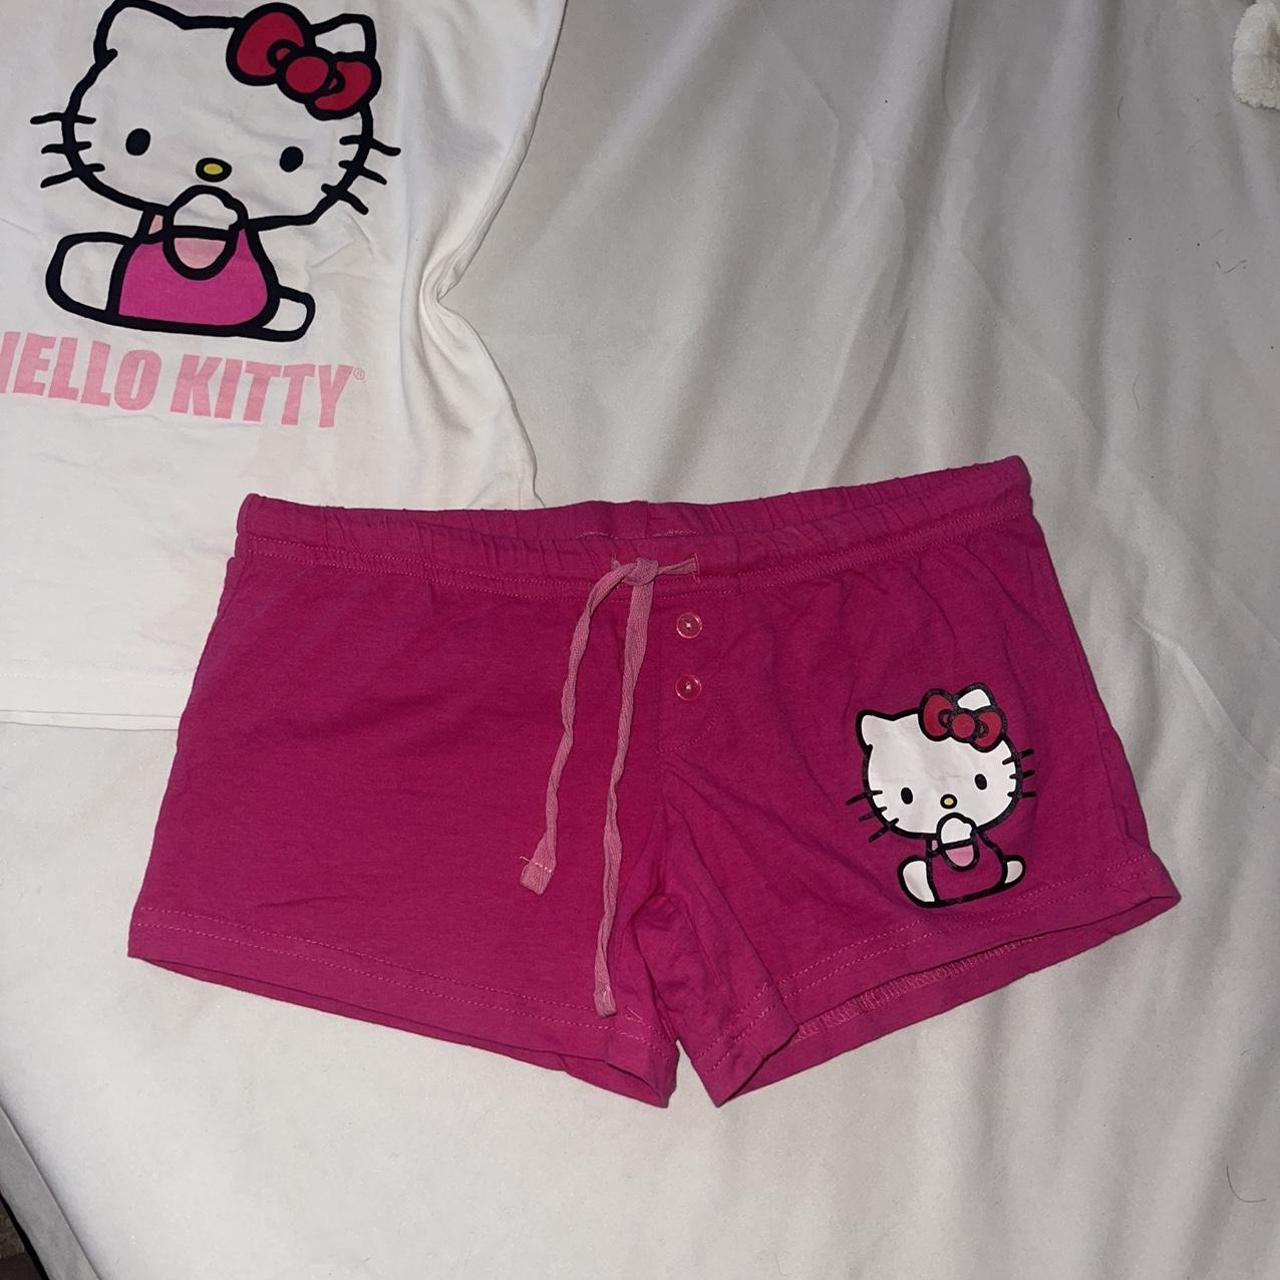 vintage early 2000 hello kitty lounge set 💕💋 size S... - Depop
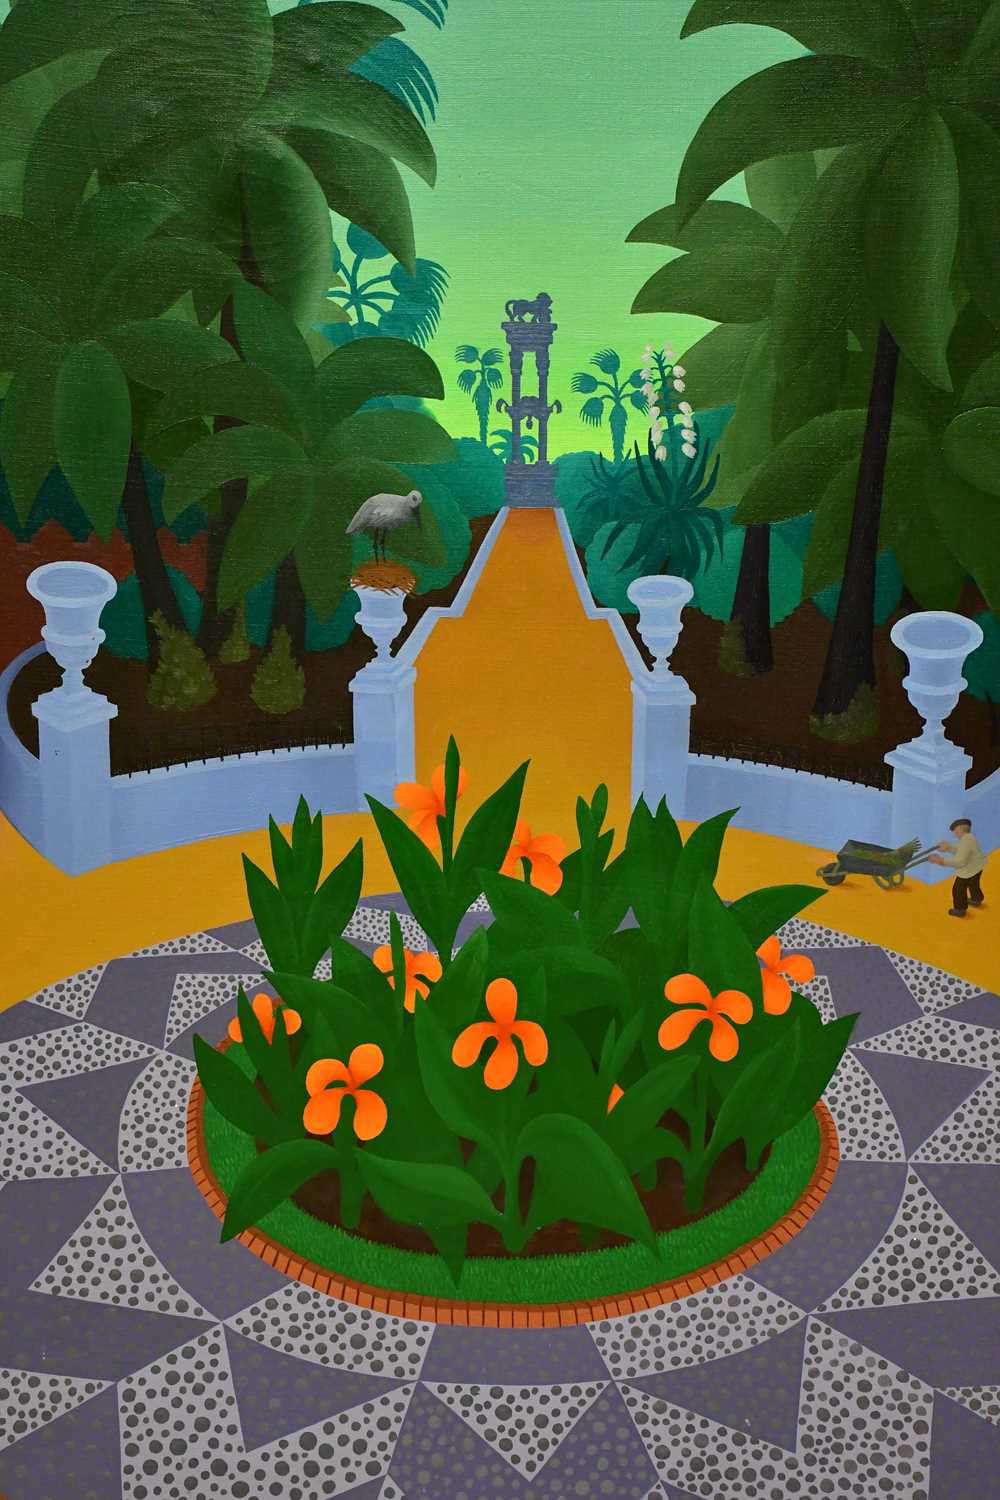 † ANNE GRAHAM; oil on canvas, 'Garden Study', signed and dated 73-74, 90 x 60cm, framed. - Image 2 of 4
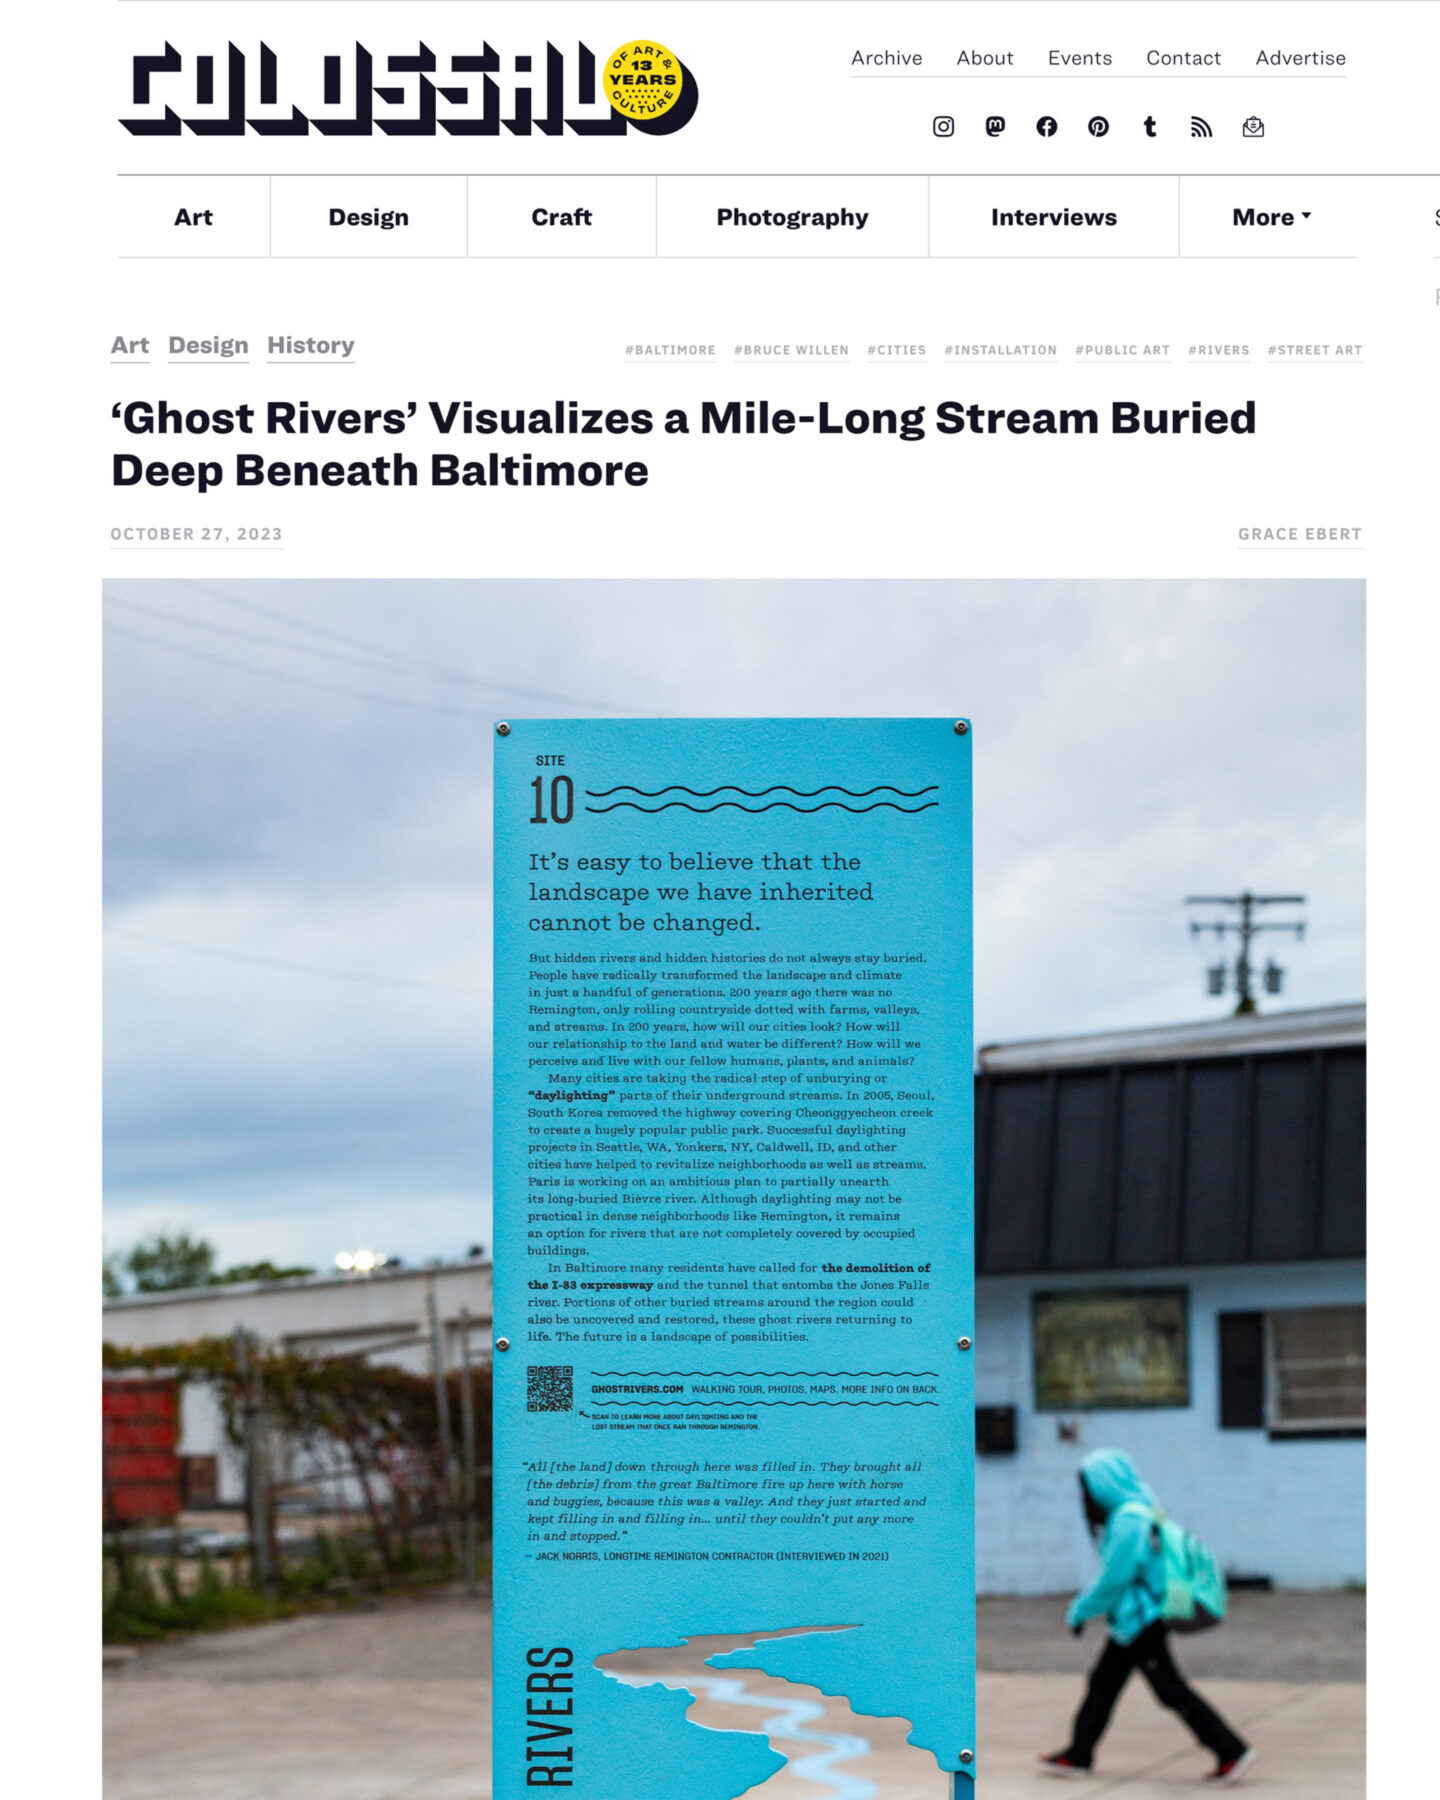 Colossal feature article on Ghost Rivers — ‘Ghost Rivers’ Visualizes a Mile-Long Stream Buried Deep Beneath Baltimore

● **Work instructions**
Please produce an exact copy of the listing, omitting the pictures.

● **Response below**
 vintage early 2000 hello kitty lounge set 💕💋 size S... - Depop
 † ANNE GRAHAM; oil on canvas, 'Garden Study', signed and dated 73-74, 90 x 60cm, framed. - Image 2 of 4
 Colossal feature article on Ghost Rivers — ‘Ghost Rivers’ Visualizes a Mile-Long Stream Buried Deep Beneath Baltimore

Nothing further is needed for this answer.